Task =
Please keep the images out and set down the data exactly as given.

Information provided =
"""

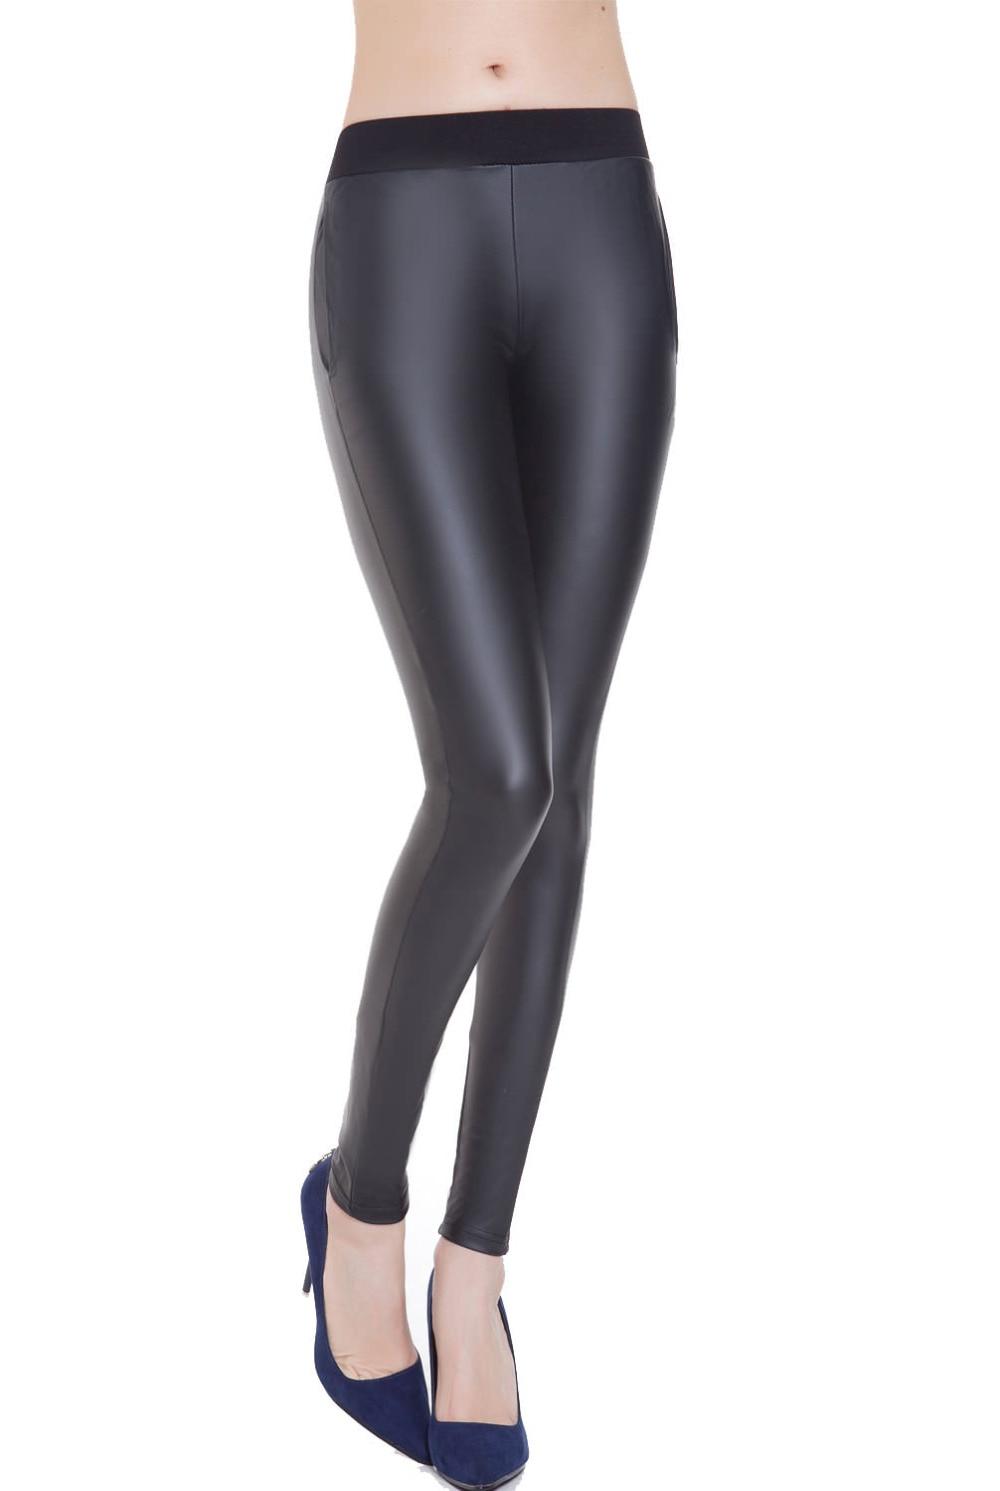 Everbellus Push Up Leather Leggings Fitness Femme Bright Leather Leggins Sexy Women Stretchy Black Casual Medium Waist Pants
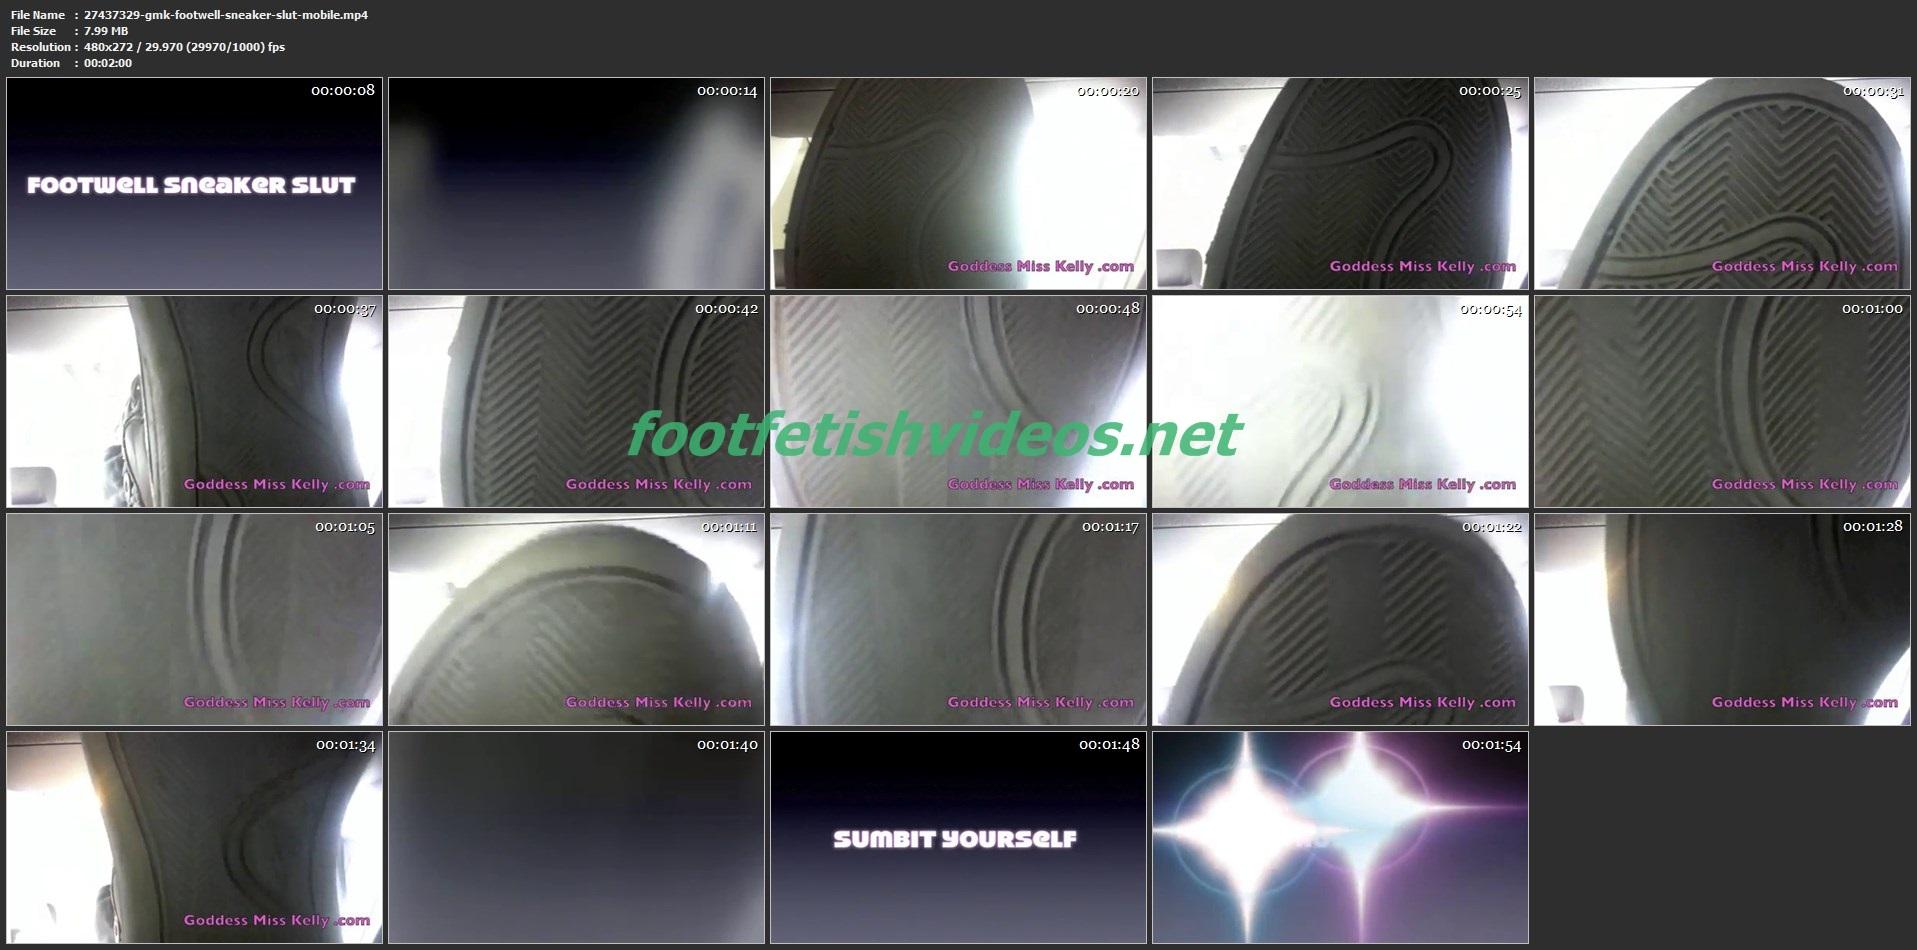 goddessmskelly-27437329-gmk-footwell-sneaker-slut-mobile-mp4
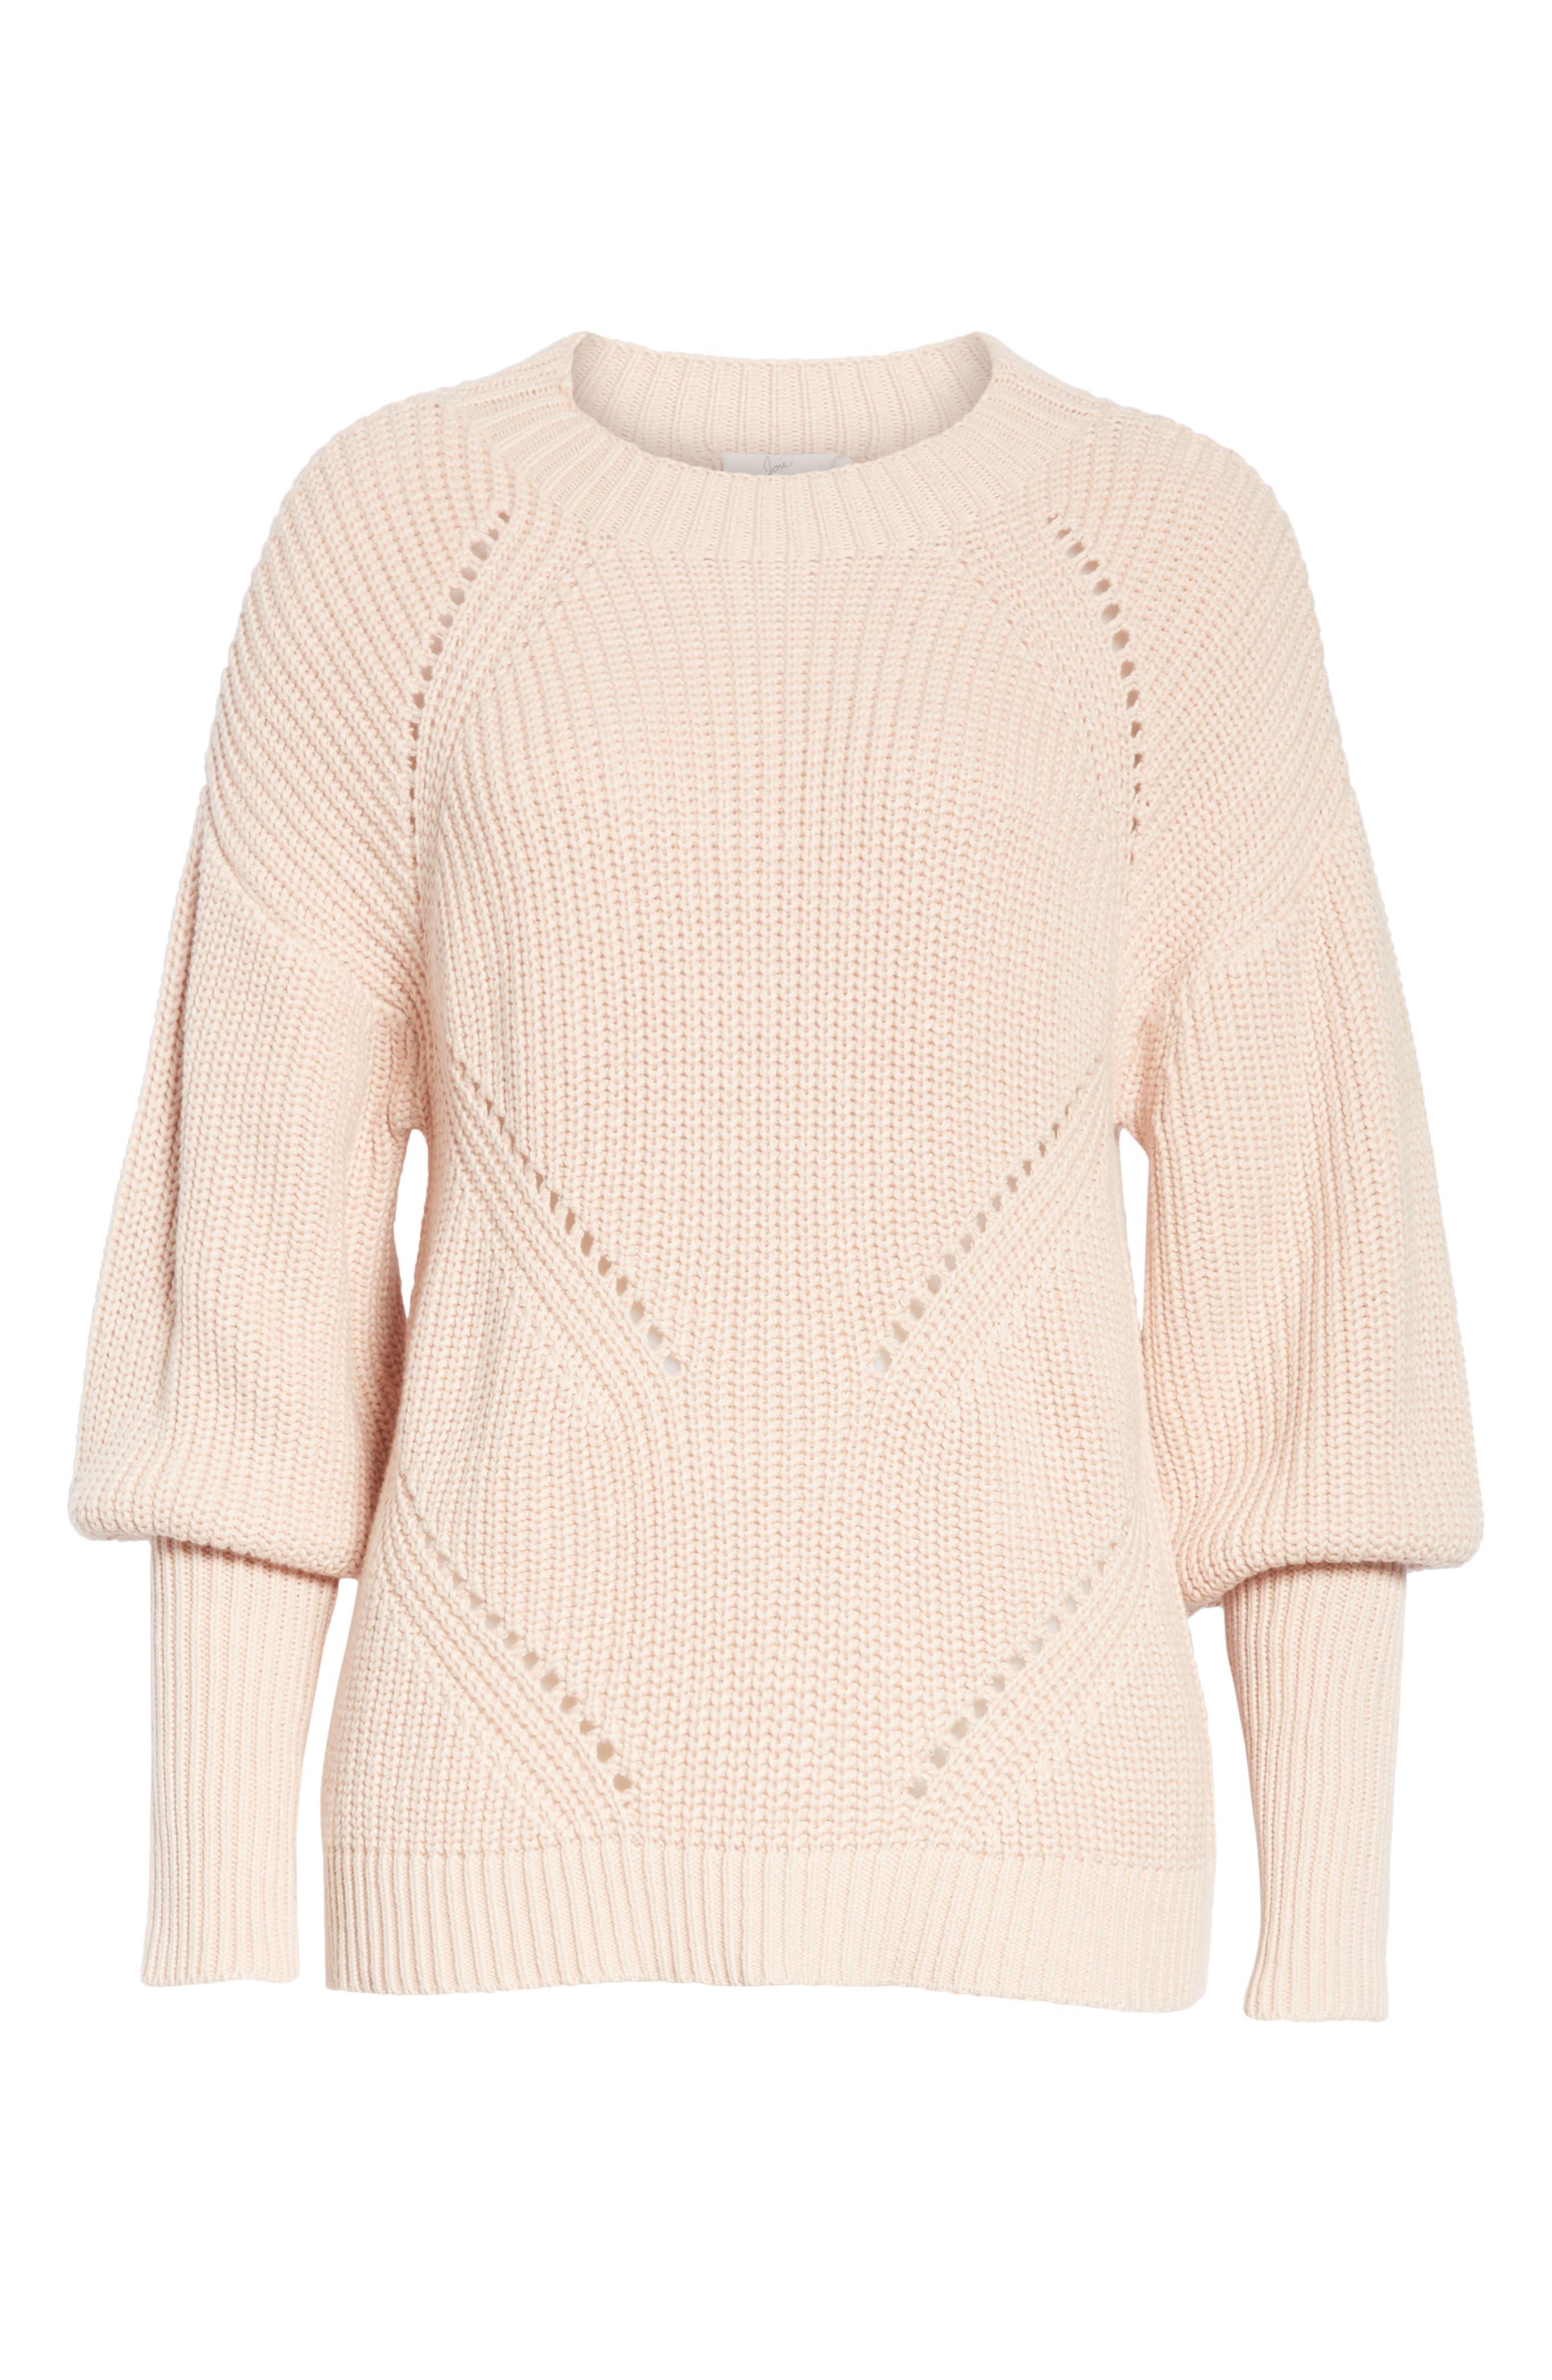 Landyn Blouson Sleeve Sweater,                             Alternate thumbnail 6, color,                             PINK SKY

"""

Output of the task =
 Everbellus Push Up Leather Leggings Fitness Femme Bright Leather Leggins Sexy Women Stretchy Black Casual Medium Waist Pants
 goddessmskelly-27437329-gmk-footwell-sneaker-slut-mobile-mp4
 Landyn Blouson Sleeve Sweater,                             Alternate thumbnail 6, color,                             PINK SKY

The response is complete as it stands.